TASK3_TEST  = DATADIR / "calms21_task3_test.npy"

# Behaviors to learn (7 new ones) 
TASK3_BEHAVIORS = ['approach', 'disengaged', 'groom', 'intromission', 'mount_attempt', 'sniff_face', 'whiterearing']

# temporal-stack params (must match what you used to build X_train/X_test before)
HALF = 50
SKIP = 2
ADD_POOL = True
POOL_STATS = ("mean","std")
SIGMA_STACK = 25
SIGMA_POOL  = 30

# parallelism
N_JOBS = 10

# split
TEST_SIZE = 0.2
RANDOM_STATE = 42

# XGBoost (GPU if available)
USE_GPU = True
XGB_PARAMS = dict(
    max_depth=8,
    learning_rate=0.05,
    n_estimators=1500,
    subsample=0.8,
    colsample_bytree=0.8,
    reg_alpha=0.0,
    reg_lambda=1.0,
    objective="binary:logistic",
    tree_method=("gpu_hist" if USE_GPU else "hist"),
    eval_metric="aucpr",
    n_jobs=0,
)

# ---- expected helpers from your current codebase ----
# - to_raw_seq(safe_seq)
# - load_gt_labels_from_many(...)  <-- we won't use; Task3 has its own label dicts
# - _load_concat_wavelet(BASE, safe_seq, persp, allow_pair_only=False)
# - temporal_stack_features(X, half_window, skip, add_pool, pool_stats, apply_to, sigma_stack, sigma_pool)
# - sliding_stats_block (if you decide not to use temporal stacking)

# 2) Load Task-3 labels

In [160]:
def _load_task3_dict(p: Path):
    d = np.load(p, allow_pickle=True).item()
    return d

def load_task3_labels(train_path: Path, test_path: Path):
    dtr = _load_task3_dict(train_path) if train_path.exists() else {}
    dte = _load_task3_dict(test_path)  if test_path.exists()  else {}
    return dtr, dte

task3_train_dict, task3_test_dict = load_task3_labels(TASK3_TRAIN, TASK3_TEST)

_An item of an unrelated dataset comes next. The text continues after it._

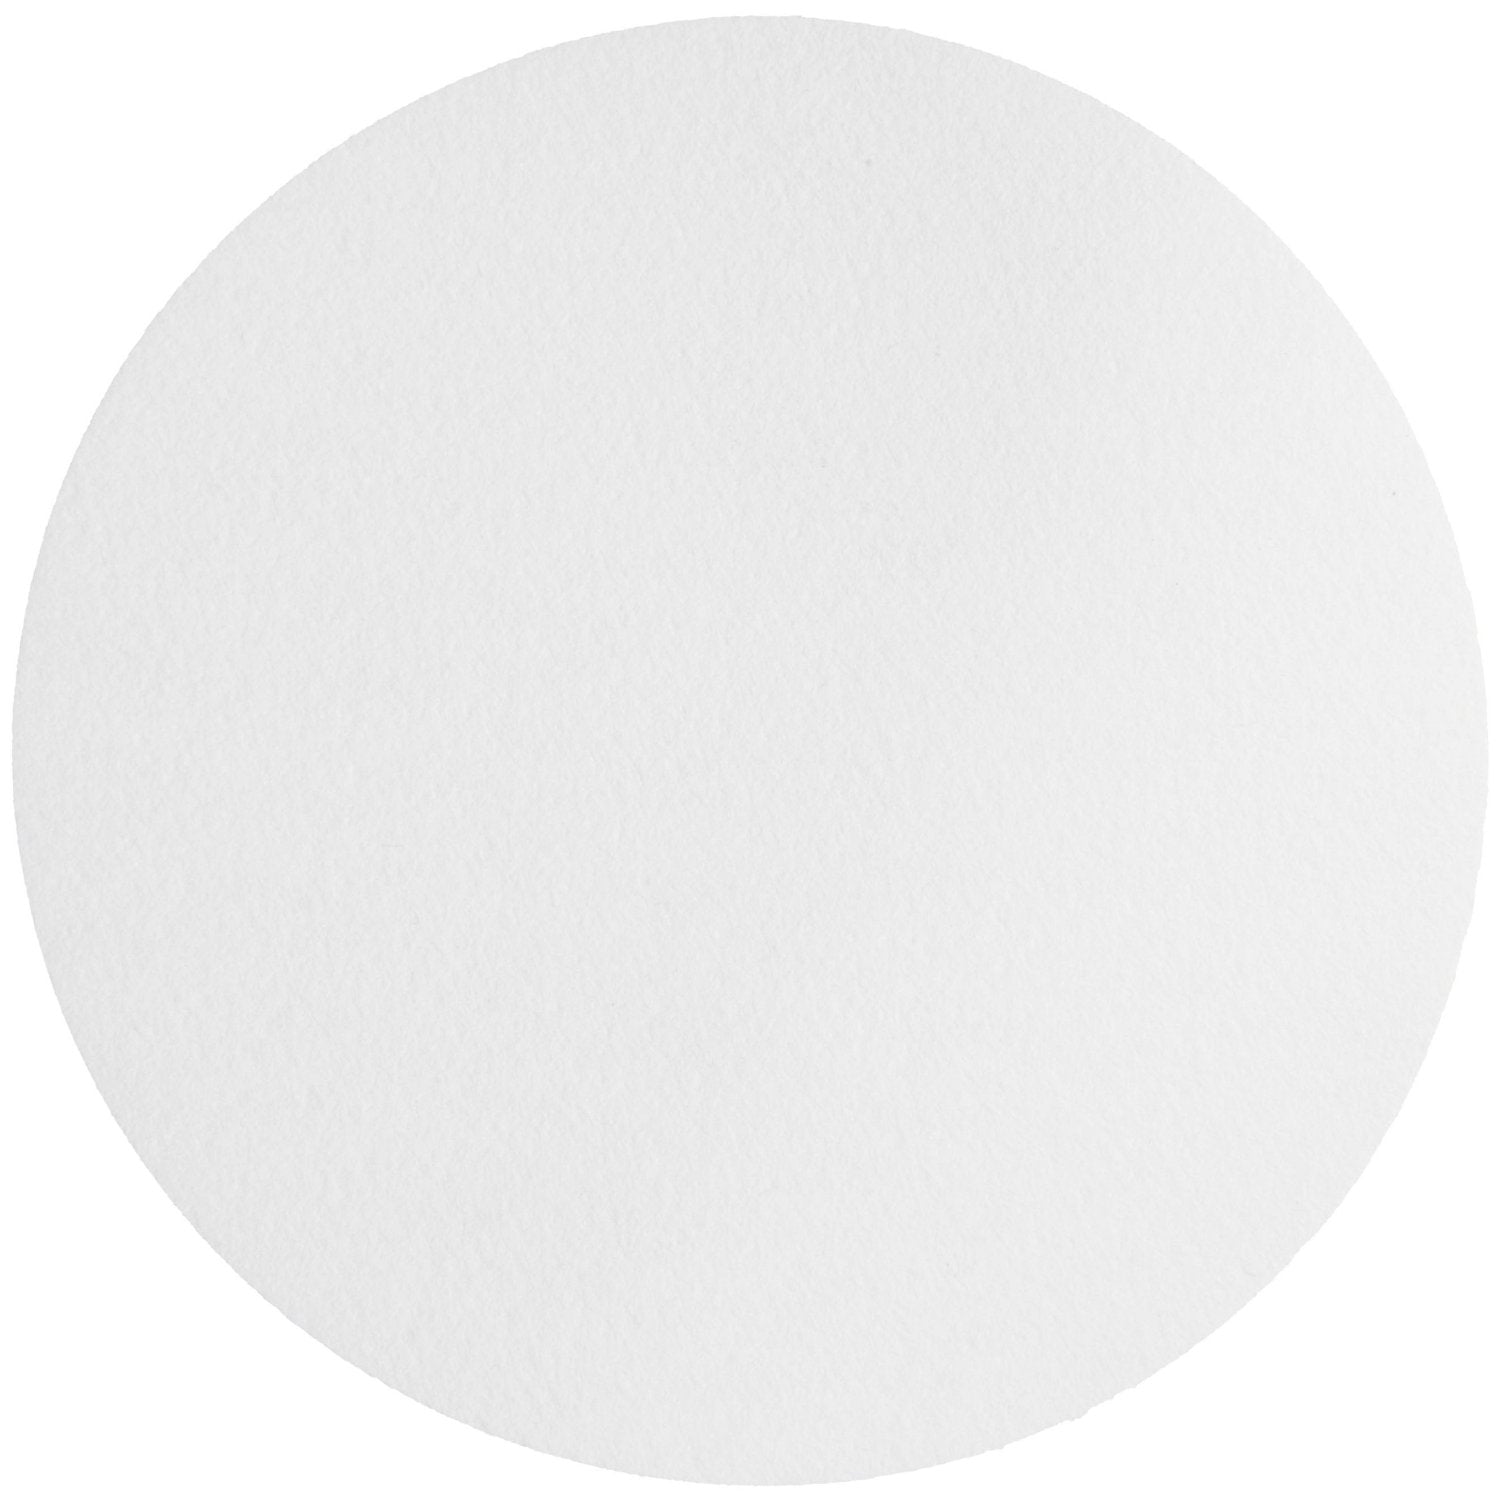 Whatman 10400106 Cellulose Nitrate, 25mm Dia, 8.0 micrometer Pore Size, Plain White, 100/pk (PN: 10400106)

def has_any_labels_for_sequence_task3(dsplit: dict, raw_seq_key: str) -> bool:
    for _, seqs in dsplit.items():
        if raw_seq_key in seqs:
            return True
    return False

# 3) Discover sequences & build per-sequence features


In [161]:
from pathlib import Path
import re

BASE = Path(base + "socialmapper_outputs")  # adjust if needed

# strict modern filenames only
pat = re.compile(r"wavelet_social_seq=(.*)_persp=(\d+)\.npz")

def _infer_split_from_safe(safe_seq: str) -> str:
    # filenames look like: task3-<behavior>-train-... or task3-<behavior>-test-...
    if "-train-" in safe_seq:
        return "train"
    if "-test-" in safe_seq:
        return "test"
    # fallback (shouldn't happen for Task 3)
    return "unknown"

def _list_index_for(pattern: str):
    files = sorted(BASE.glob(pattern))
    index = []
    for p_pair in files:
        m = pat.match(p_pair.name)
        if not m:
            continue
        safe_seq, persp = m.group(1), int(m.group(2))
        # require ego counterpart
        p_ego = BASE / f"wavelet_ego_seq={safe_seq}_persp={persp}.npz"
        if p_ego.exists():
            split = _infer_split_from_safe(safe_seq)
            index.append((safe_seq, persp, split))
    return sorted(set(index))

# enumerate train and test separately (you can also combine later if you want)
index_train = _list_index_for("wavelet_social_seq=task3*train*persp=*.npz")
index_test  = _list_index_for("wavelet_social_seq=task3*test*persp=*.npz")

print(f"Found {len(index_train)} TRAIN (seq,persp) with pair+ego.")
print(f"Found {len(index_test)}  TEST  (seq,persp) with pair+ego.")

Found 34 TRAIN (seq,persp) with pair+ego.
Found 218  TEST  (seq,persp) with pair+ego.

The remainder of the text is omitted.